Christchurch City and Hutchison Port Holdings were last night considering their options after their takeover bid for Lyttelton Port was rejected by the company's board.
The board unanimously rejected Christchurch City's $2.10 a share takeover offer yesterday after an independent valuation found the company was worth as much as 35c a share more.
Lyttelton Port's Target Company Statement contained a Crighton Anderson valuation which labelled Christchurch City's offer "not fair". It estimated the company's stand-alone value at $2.05 to $2.35 a share. Crighton Anderson also found the port's shares should carry an extra 10c a share premium value which it considered "an appropriate proportion of the additional value" available to Christchurch City and Hong Kong's Hutchison Port, the prospective partner in a restructured port operation.
That took Crichton Anderson's valuation of Lyttelton Port to a $2.15 to $2.45 range.
The market reacted positively to the news - bidding Lyttelton Port shares up 4c to a close of $2.19.
Several brokers have argued Christchurch City's offer is too low. Goldman Sachs JBWere has said it believed fair value for the shares is between $2.26 and $2.57 a share.
Christchurch City's plan is to secure 90 per cent of the port company, de-list it and then split the company into an asset-owning entity over which it would retain control, and an operating company which Hutchison Ports would control.
Christchurch City believes the involvement of Hutchison Ports, the world's biggest port operator, will give Lyttelton Port better bargaining power with shipping lines, better operating efficiencies and other benefits.
Last night, Christchurch City chairwoman Paddy Austin said her company "was in discussions with Hutchison Port Holdings about the report and will not be in a position to comment about our response" until later today.
This is the second major setback involving the deal for Christchurch City and Hutchison. Just over a week ago, rival Port Otago purchased a 10.1 per cent stake at $2.35 a share.
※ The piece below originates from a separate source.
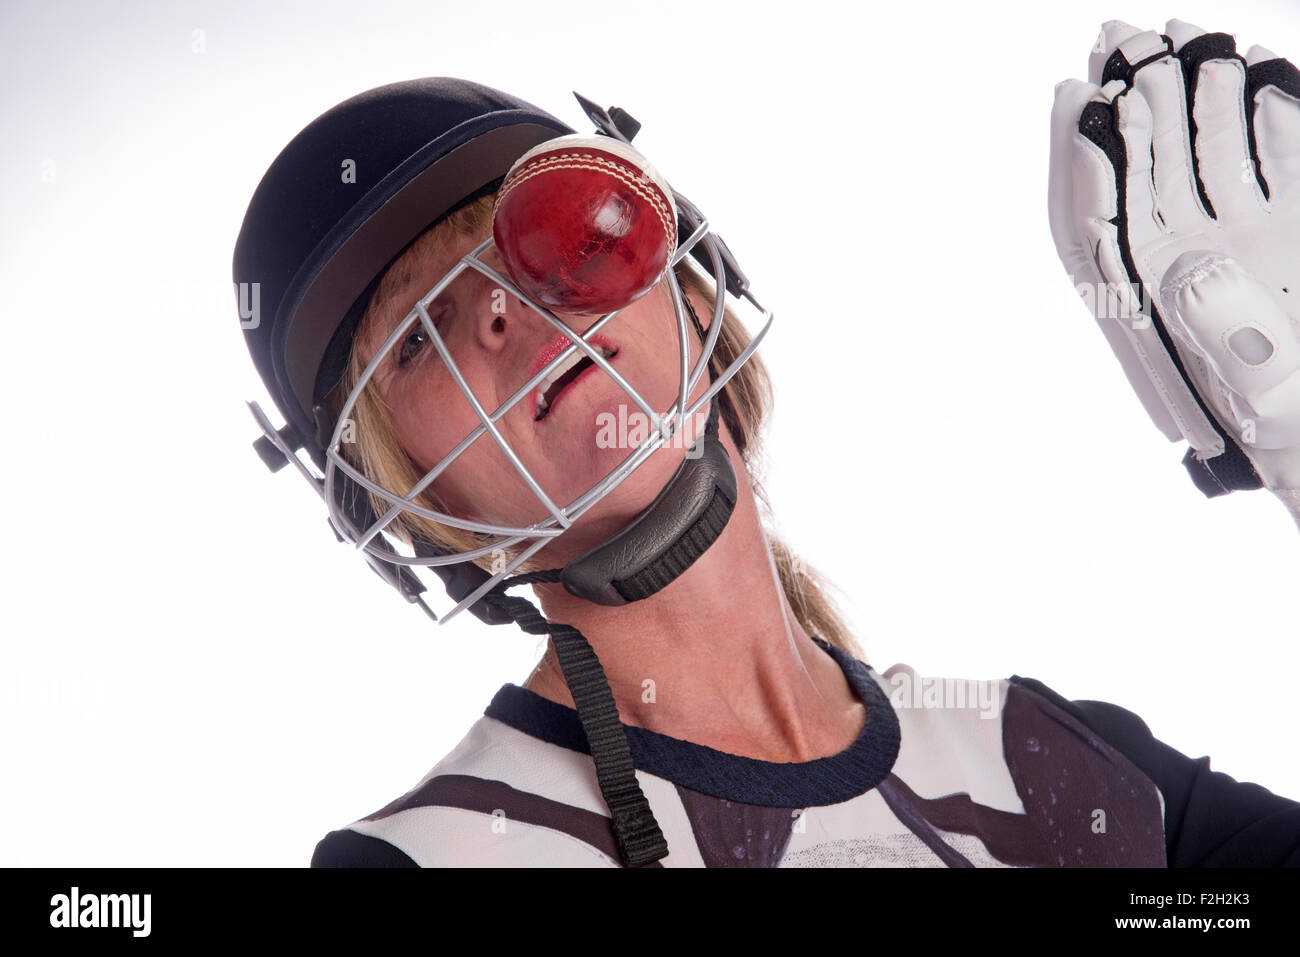 Cricketer wearing safety helmet being hit by a cricket ball Stock Photo
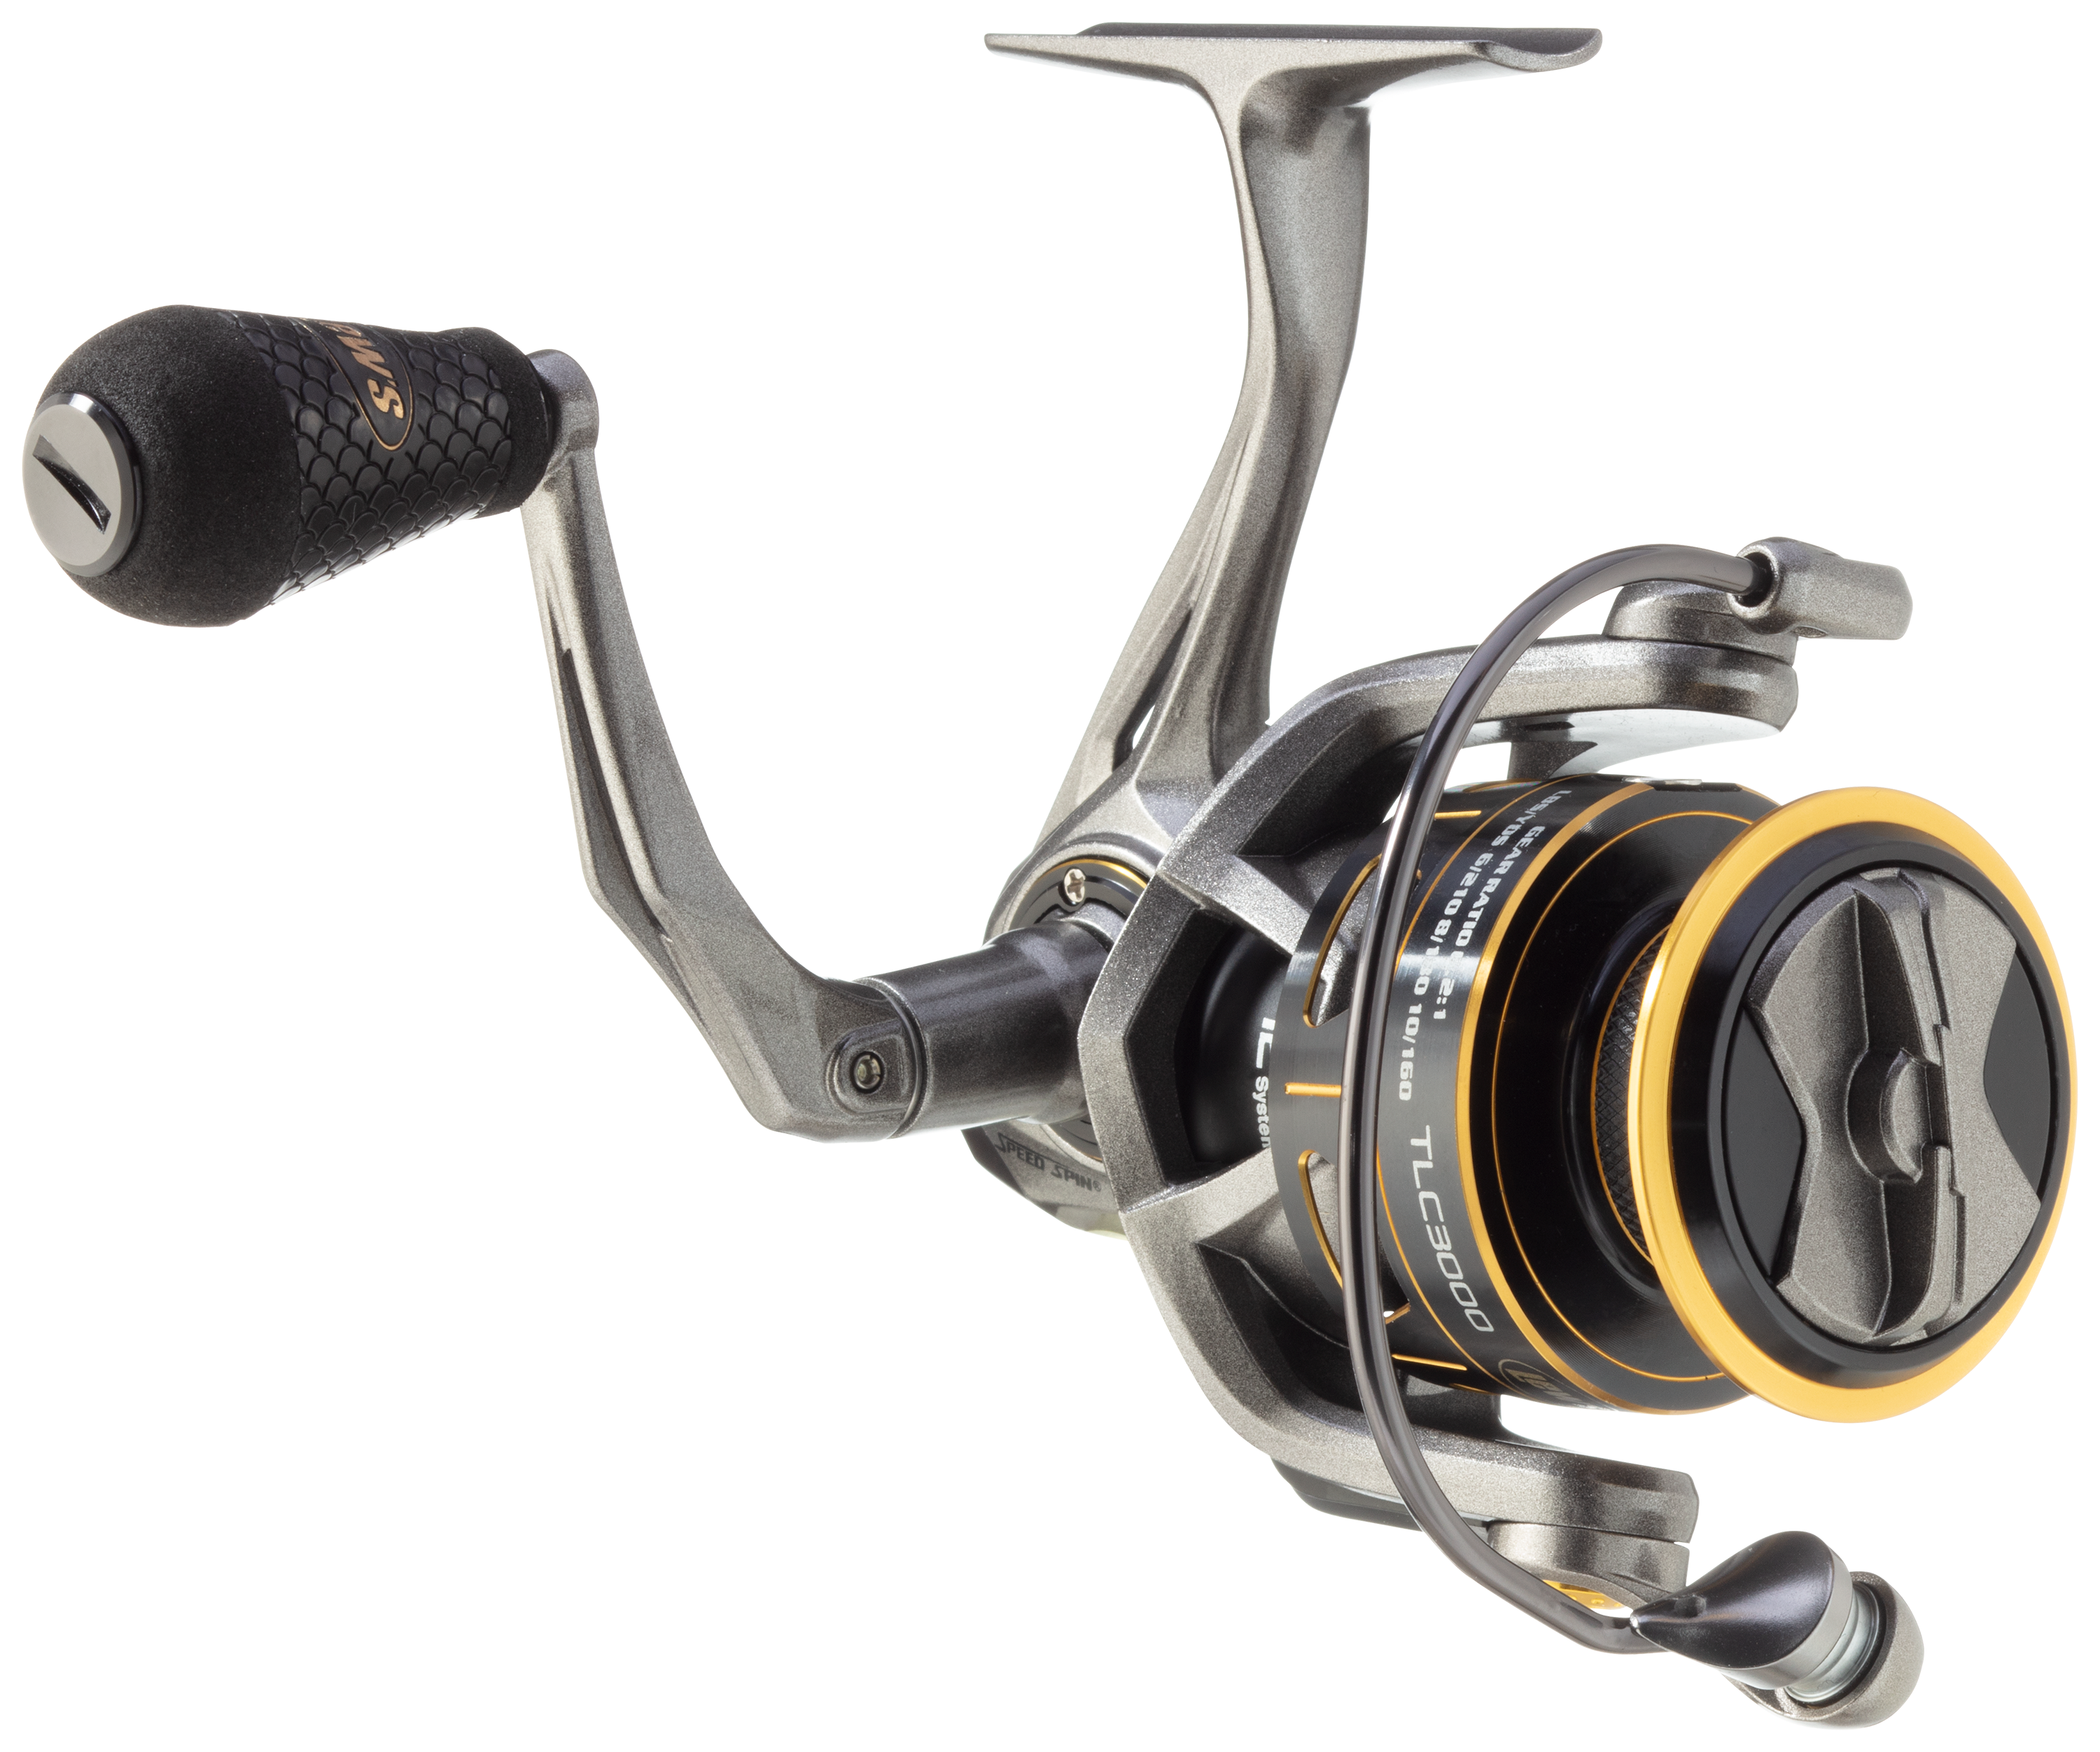 Team Lew's Custom Pro Speed Spin Spinning Reel - 6.2:1 - 3000 Size

As well as blocking Christchurch City's bid for 90 per cent of the company, Port Otago's purchase also put upward pressure on price expectations for Lyttelton Port shares.
Lyttelton Port chairman Barney Sundstrum said although the board believed Hutchison's involvement would bring "significant benefits" to the port "the directors need to evaluate whether this offer delivers fair value to shareholders".
"Clearly, the advice from Crighton Anderson is that the $2.10 a share offer is not a fair price."
Sundstrum also said the Target Company Statement highlighted other issues Lyttelton Port shareholders should consider.
They included the uncertainty created by Port Otago's purchase, the potential of downward pressure on Lyttelton Port's dividend policy if Christchurch City's bid failed and the potential for a revised deal possibly involving Port Otago which could see Lyttelton Port shares rise further.
On the other hand, Sundstrum said Port Otago's purchase might prevent the deal going through even in a revised form and Lyttelton Port shares could fall as a result.
He said none of Lyttelton Port's directors or senior officers intended selling into the Christchurch City offer.
THE BID
* Lyttelton Port's board has unanimously rejected Christchurch City Holdings' takeover offer.
* Independent valuer Crighton Anderson says Christchurch City's $2.10 a share offer is "not fair" - $2.30 is more like it.
* Christchurch City wants to secure 100 per cent of the port, delist it and sell a 49 per cent stake to Hong Kong giant Hutchison Port Holdings.